======== SUPPLIED INFORMATION ========
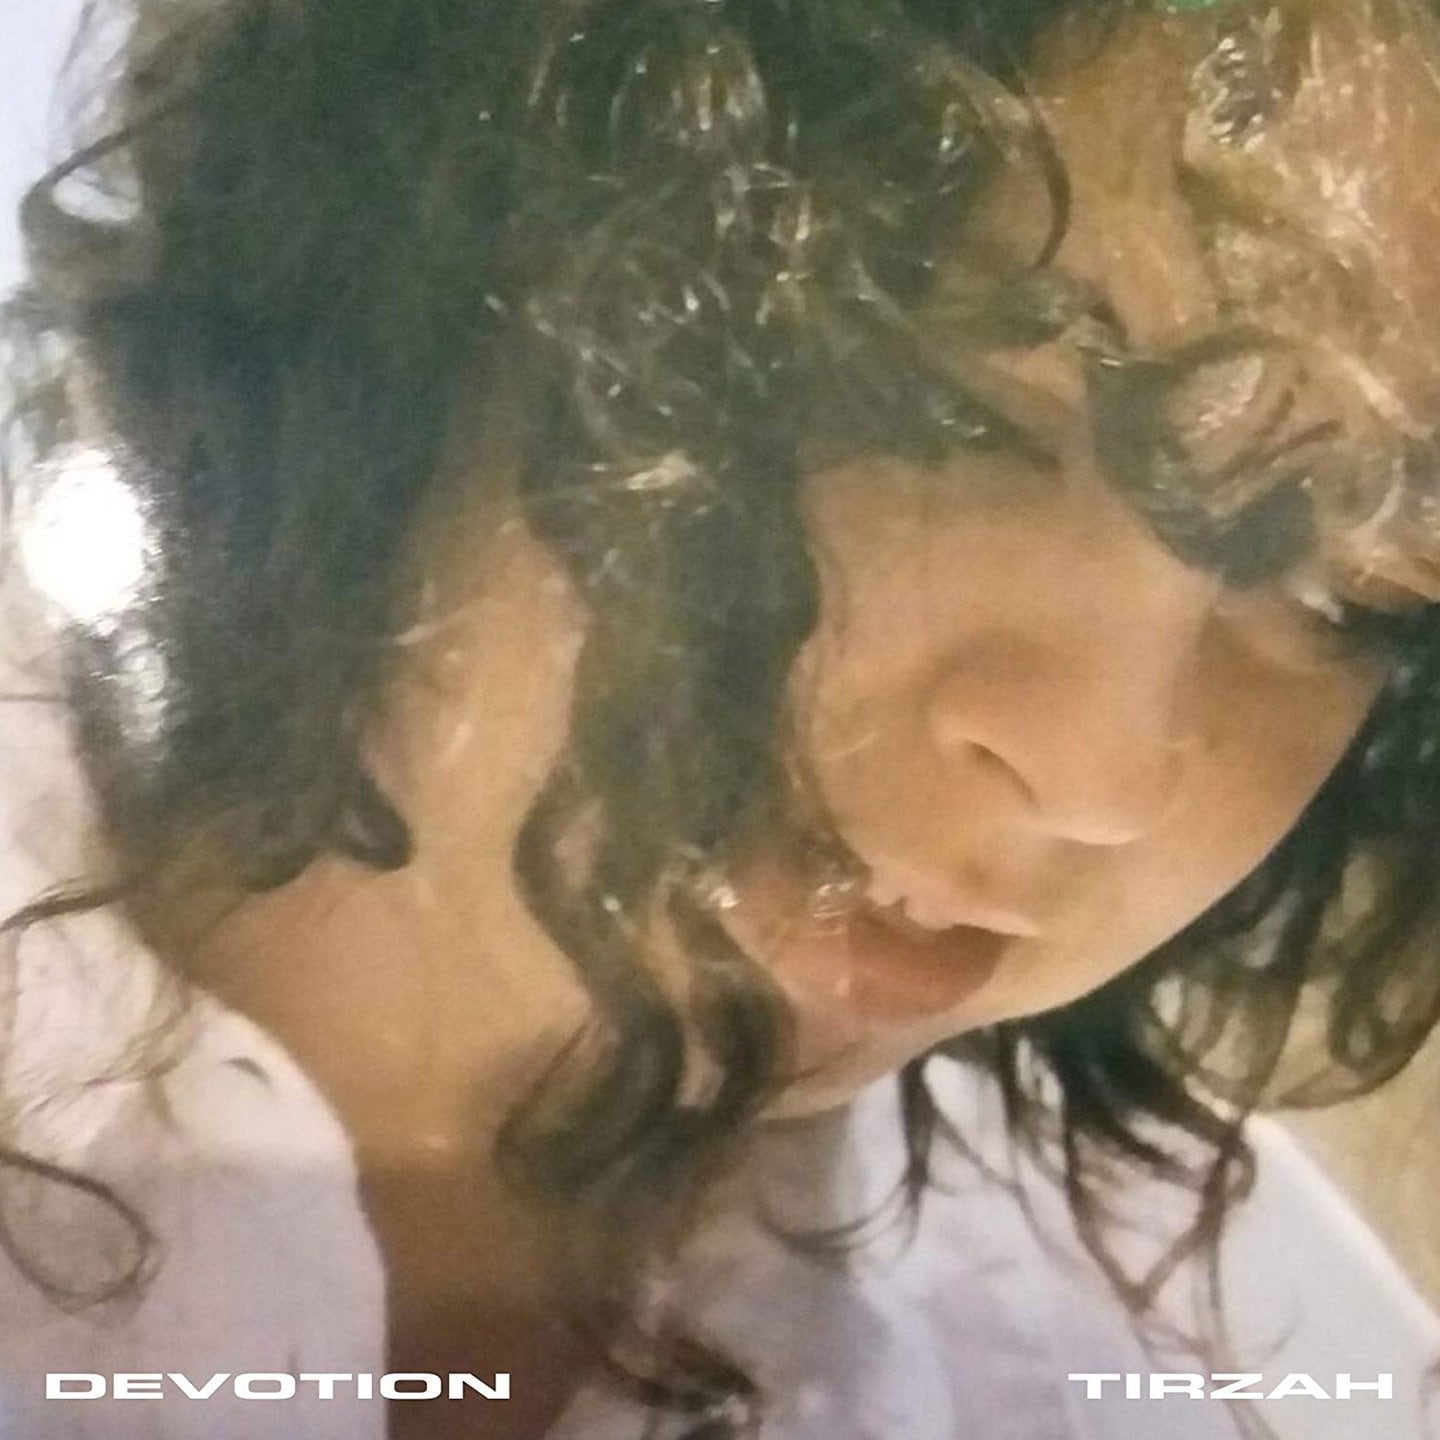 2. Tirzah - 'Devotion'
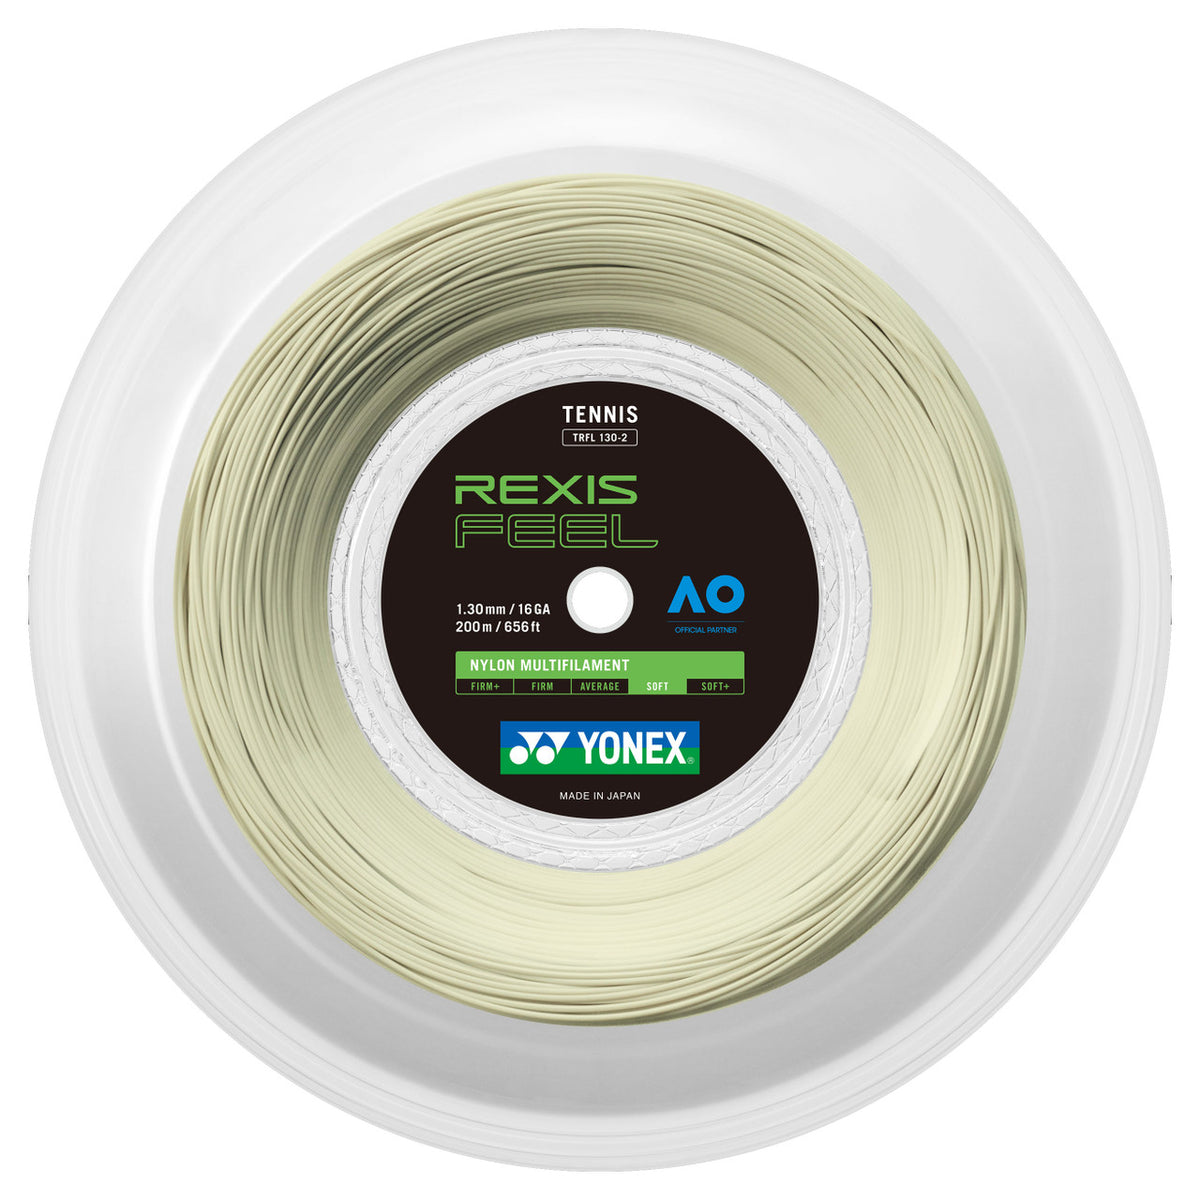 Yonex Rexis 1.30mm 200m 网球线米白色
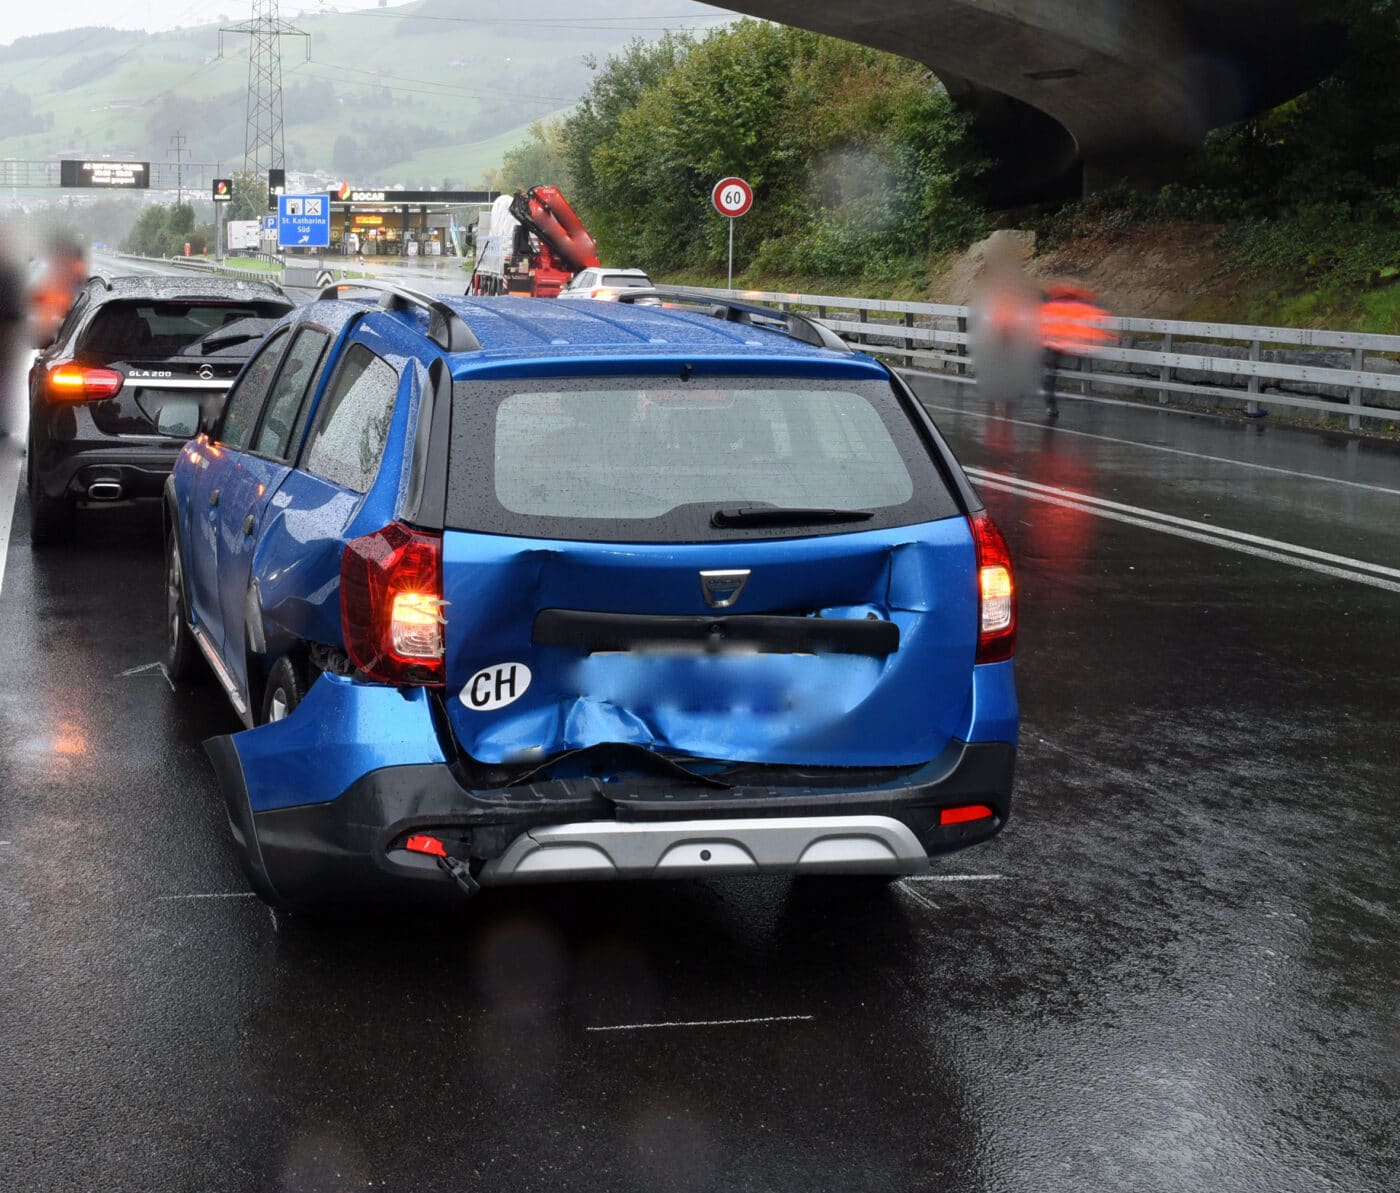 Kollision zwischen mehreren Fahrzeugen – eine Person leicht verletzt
========
WORK TO COMPLETE: Set down exactly, from the line that contains "Yonex Rexis 1.30mm 200m 网球线米白色" through the last line of the data, each line as it stands, and leave the pictures out.

ANSWER FOR THE TASK:
 Yonex Rexis 1.30mm 200m 网球线米白色
 Kollision zwischen mehreren Fahrzeugen – eine Person leicht verletzt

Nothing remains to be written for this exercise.